- Sharifabad Location within Iran
- Coordinates: 36°47′41″N 53°07′01″E﻿ / ﻿36.79472°N 53.11694°E
- Country: Iran
- Province: Mazandaran
- County: Sari
- District: Rudpey-ye Shomali
- Rural District: Farahabad-e Shomali

Population (2016)
- • Total: 146
- Time zone: UTC+3:30 (IRST)

= Sharifabad, Sari =

Village in Mazandaran province, Iran

Sharifabad (شريف آباد) (Note: Also romanized as Sharīfābād) is a village in Farahabad-e Shomali Rural District of Rudpey-ye Shomali District in Sari County, Mazandaran province, Iran.

==Demographics==
===Population===
At the time of the 2006 National Census, the village's population was 241 in 60 households, when it was in Rudpey-ye Shomali Rural District (Note: Renamed Farahabad-e Shomali Rural District) of the Central District.
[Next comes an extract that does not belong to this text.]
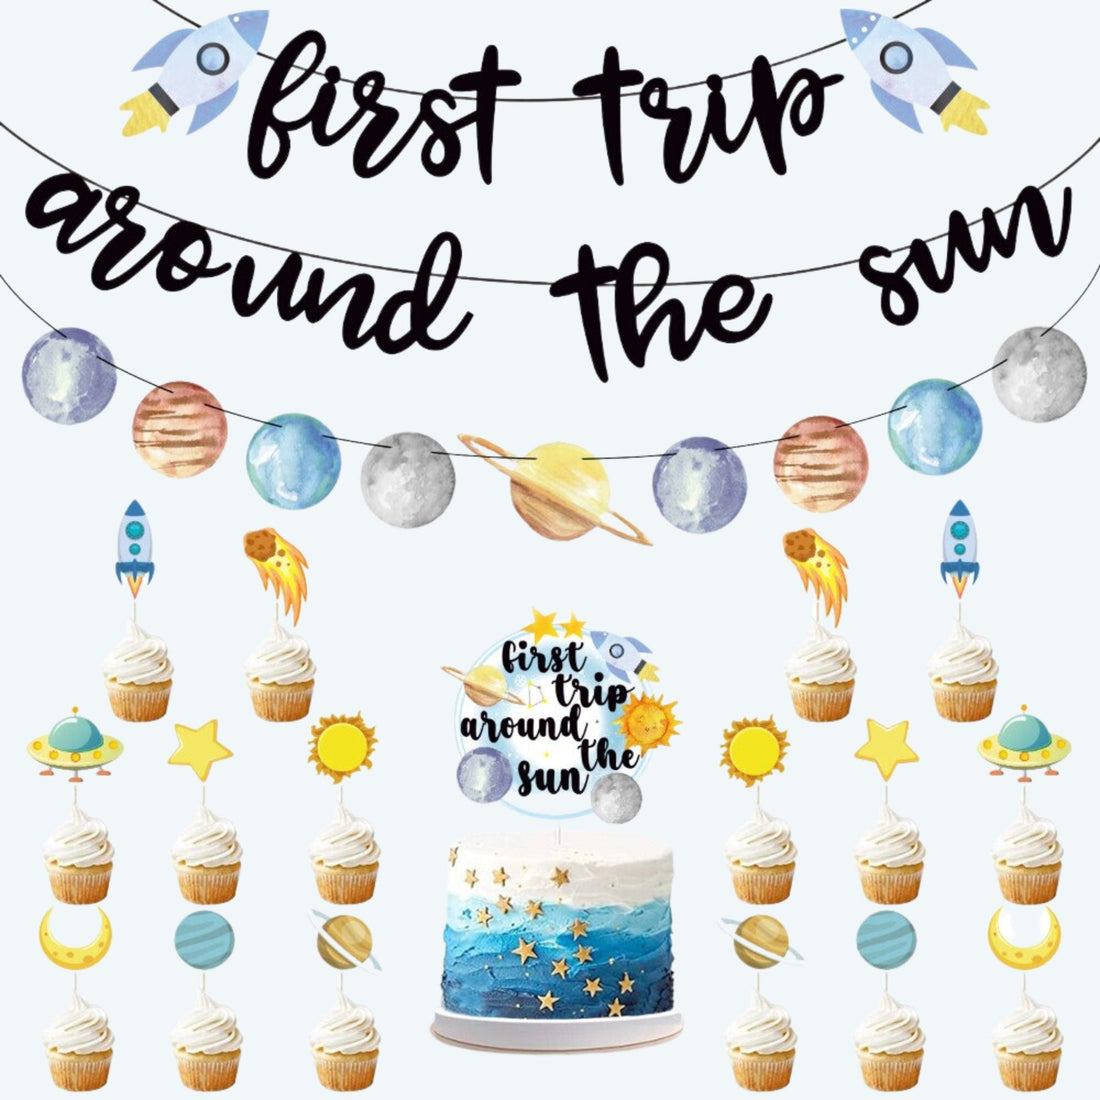 First Trip Around the Sun Space Birthday Party Decorations - Blast Off with Astronauts, Rockets, and Planet Cake Toppers and Decorproduct_type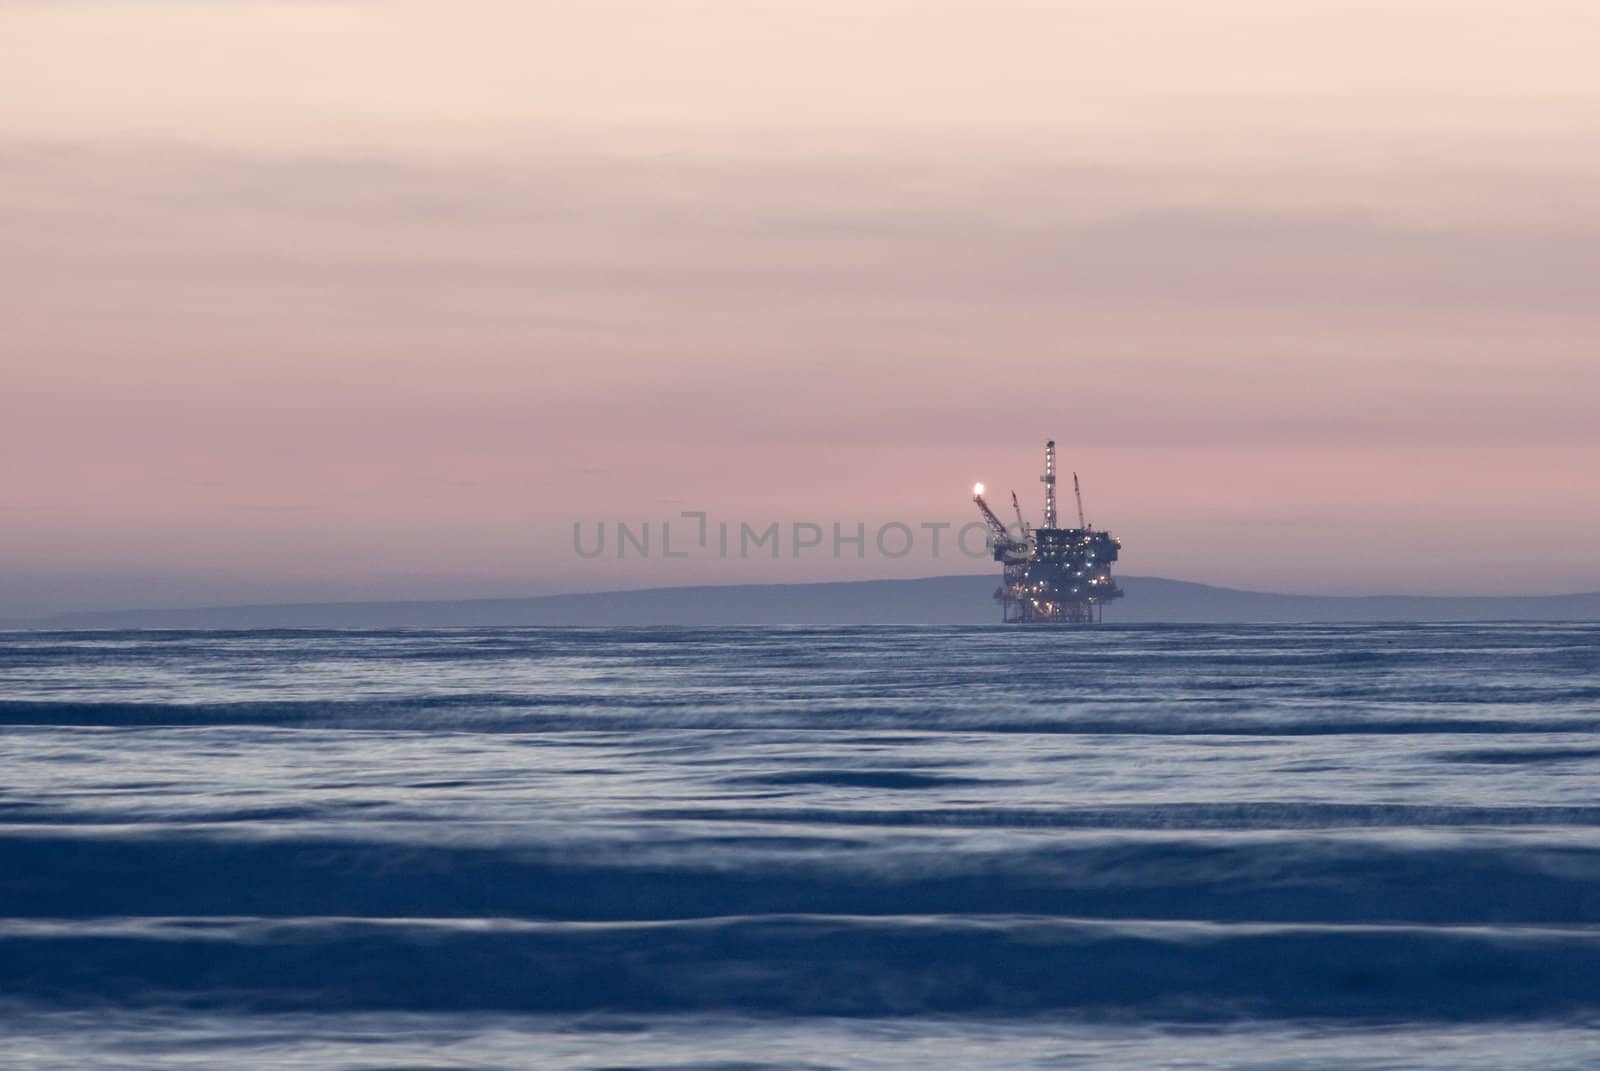 and off shore oil drilling platform at sunset

The following census in 2011 counted 149 people in 46 households, by which time the rural district had been separated from the district in the formation of Rudpey District. The 2016 census measured the population of the village as 146 people in 52 households, when the rural district had been separated from the district in the formation of Rudpey-ye Shomali District and renamed Farahabad-e Shomali Rural District.